__EXERCISE PROMPT__
All lines below between the line with "Breaking Down How Amazon Makes Money" and the line with "cucina moderna in legno - Milly", including both, must be copied exactly, and the pictures must be omitted.

__SUPPLIED DATA__
───

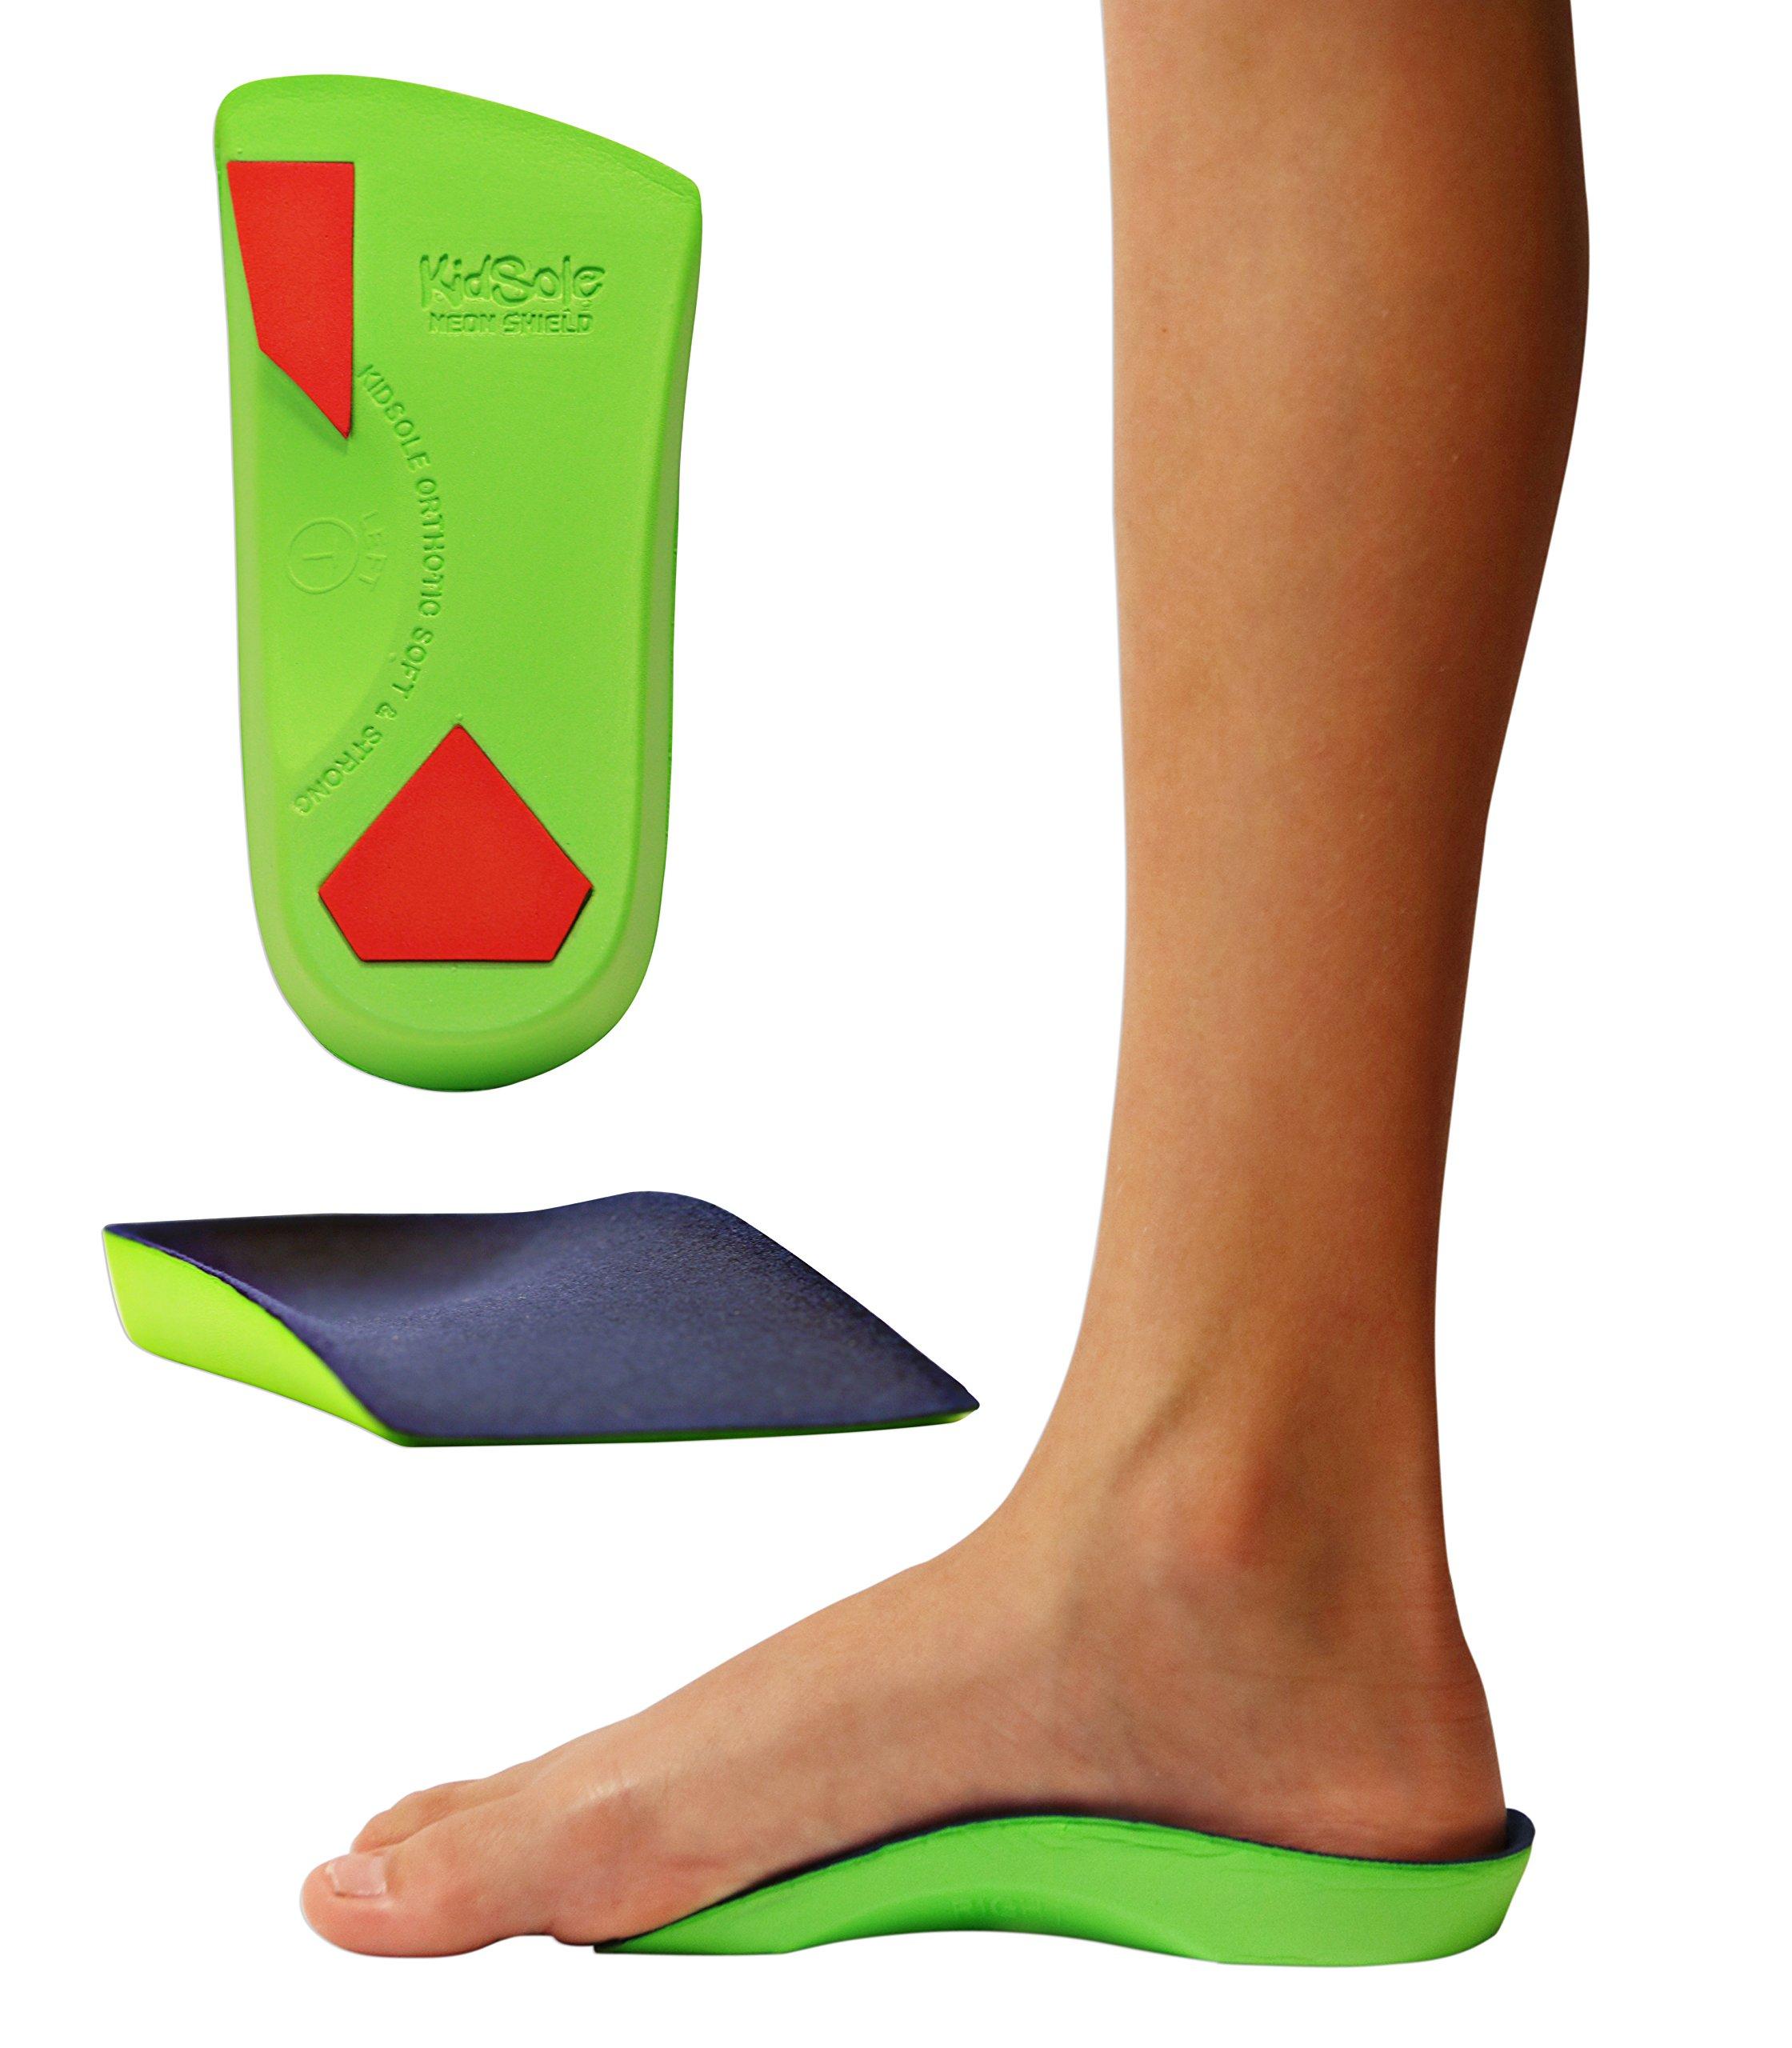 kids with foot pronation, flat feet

───

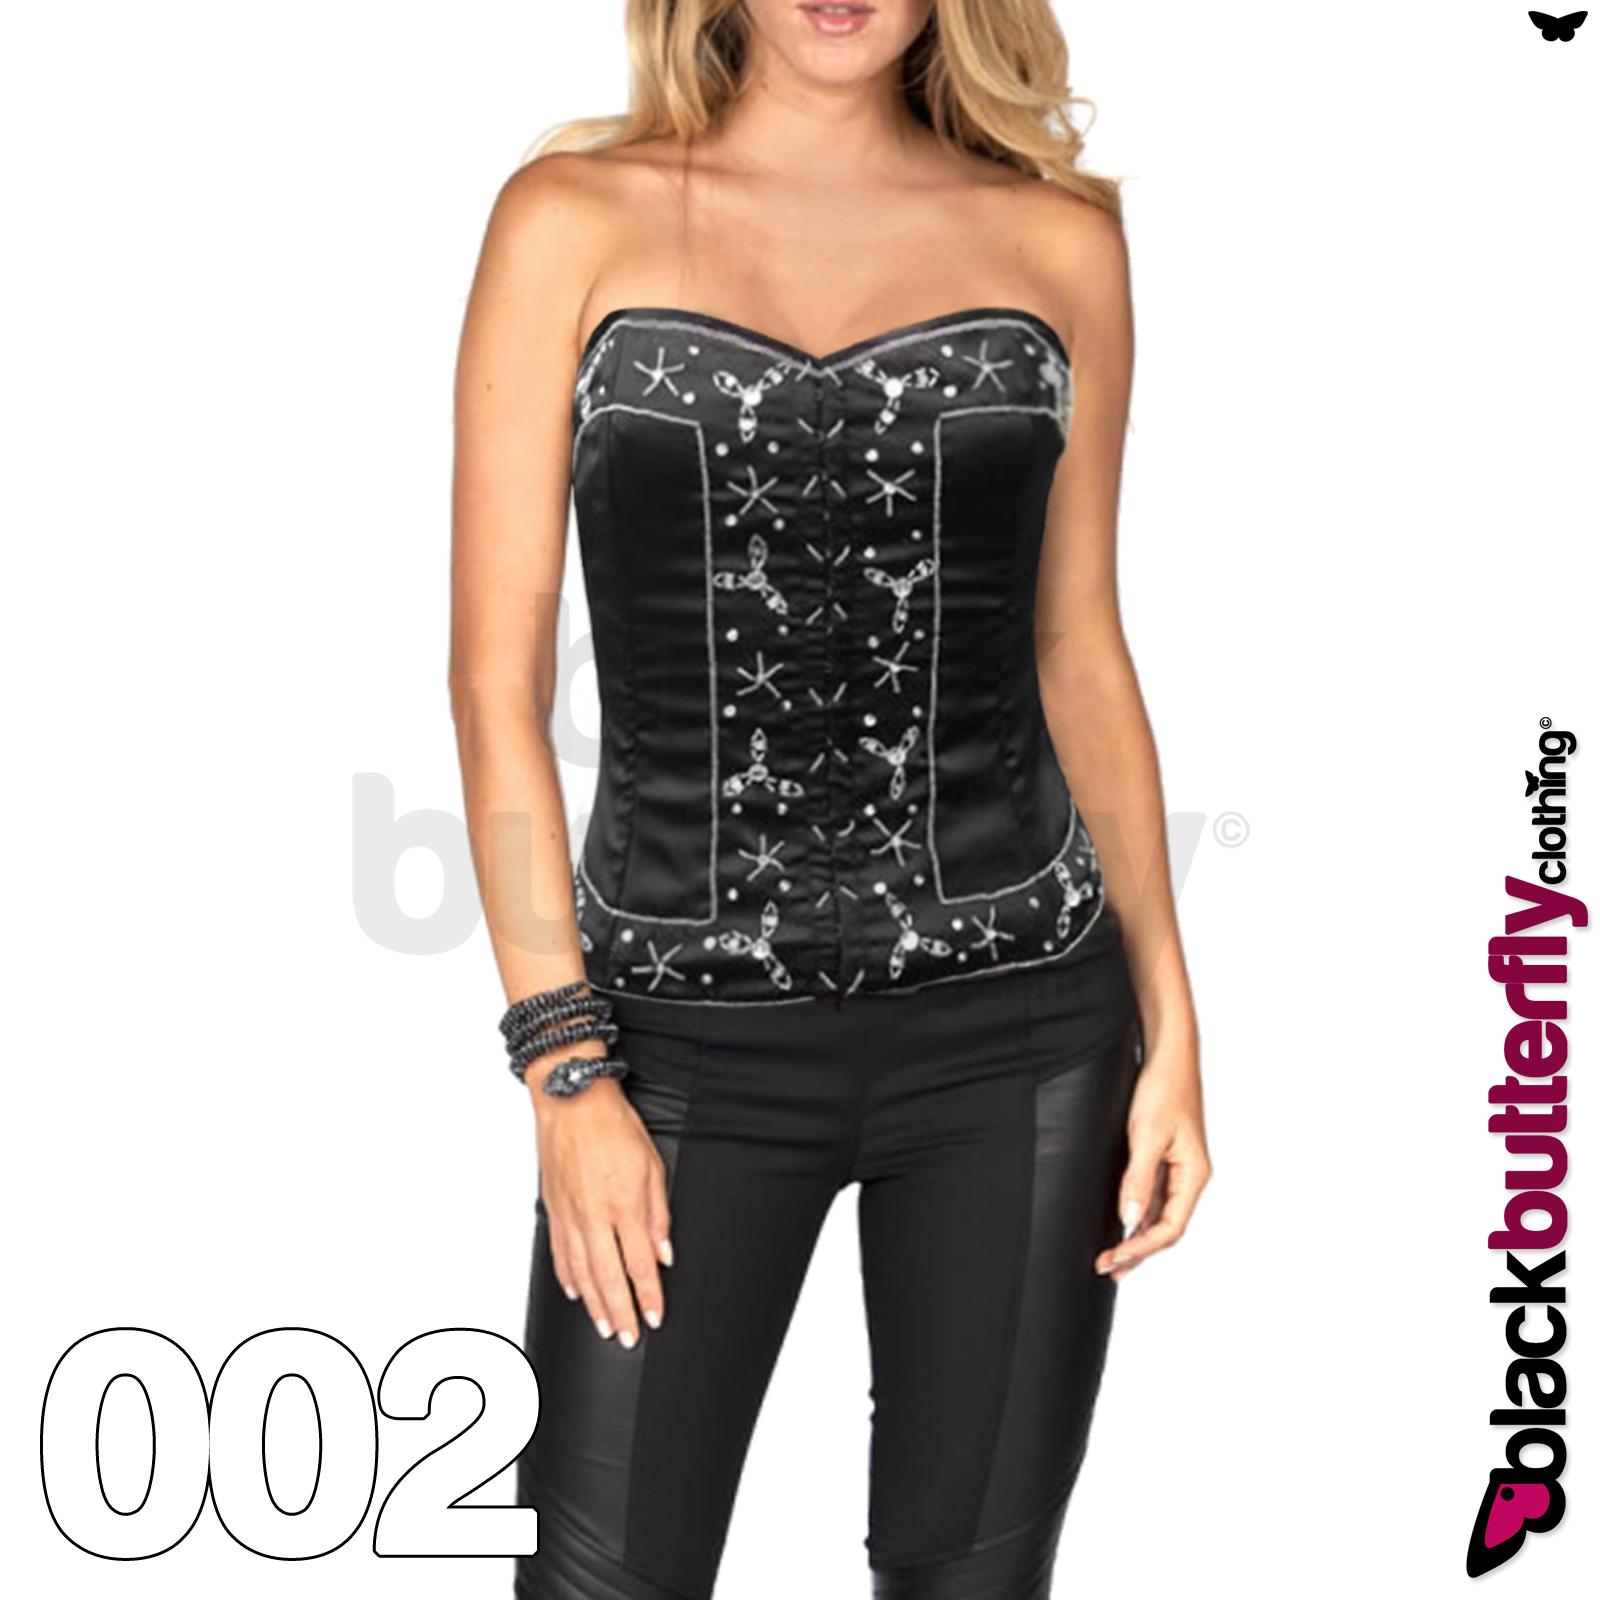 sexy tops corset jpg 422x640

───

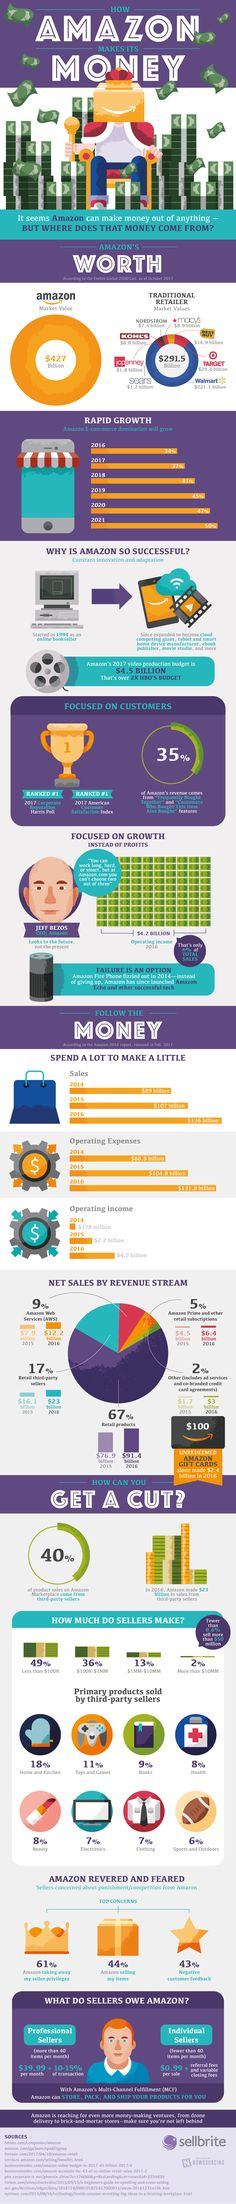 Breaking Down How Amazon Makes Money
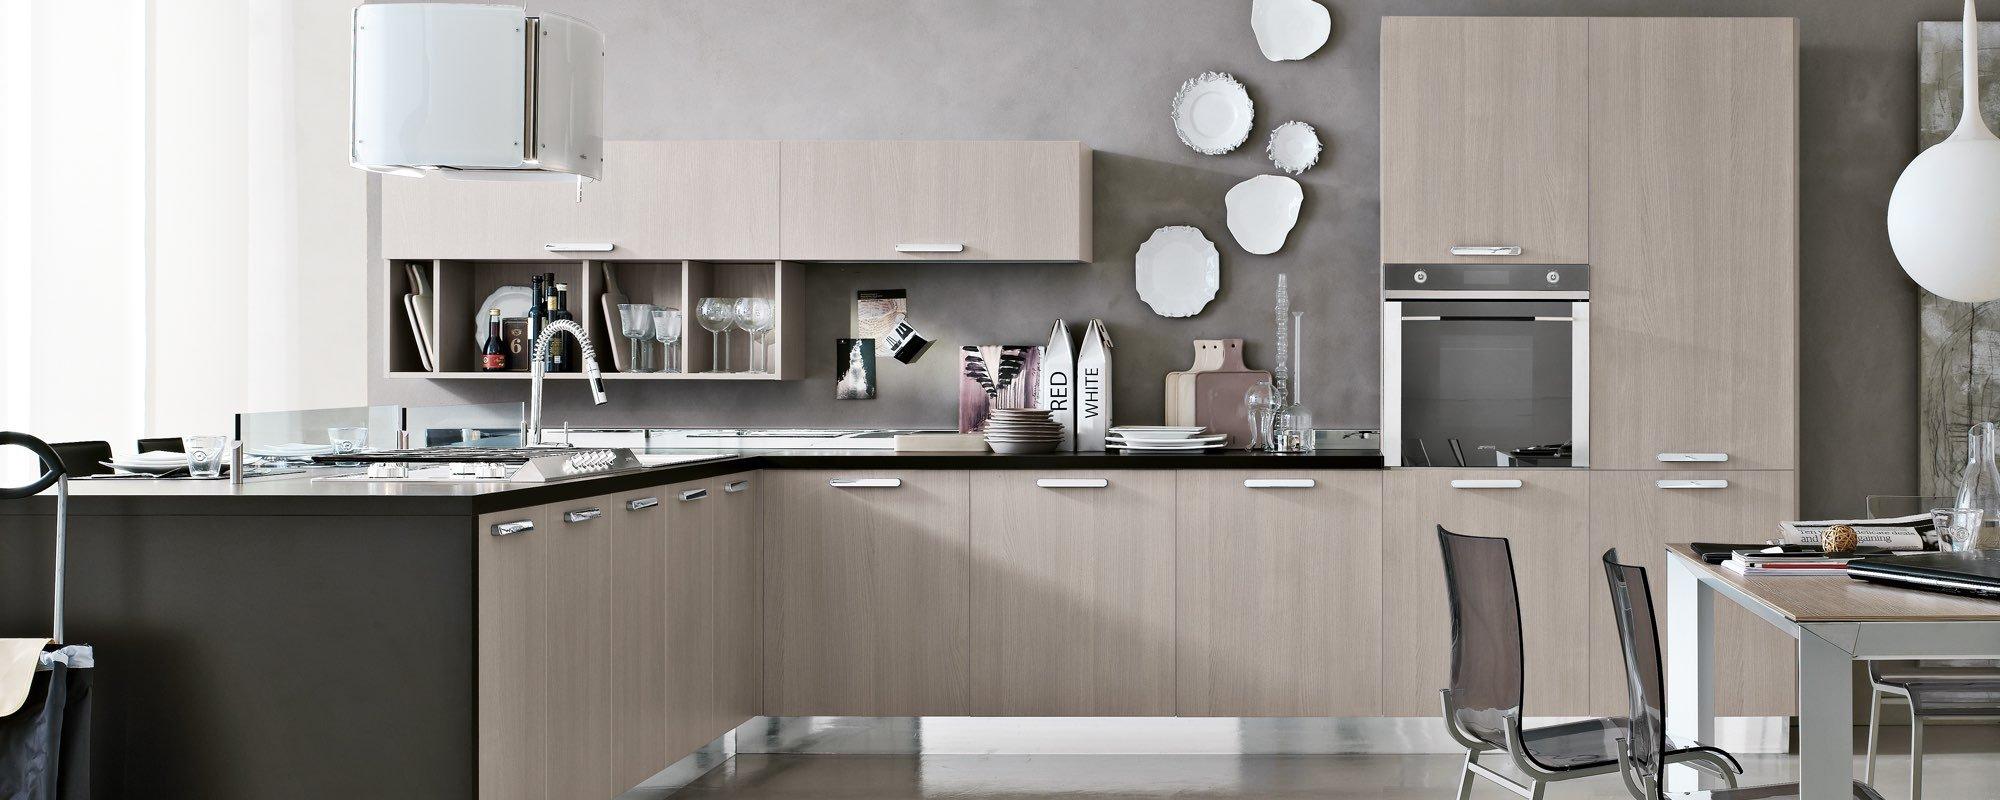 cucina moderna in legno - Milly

───

__ANSWER SECTION__
 Breaking Down How Amazon Makes Money
 cucina moderna in legno - Milly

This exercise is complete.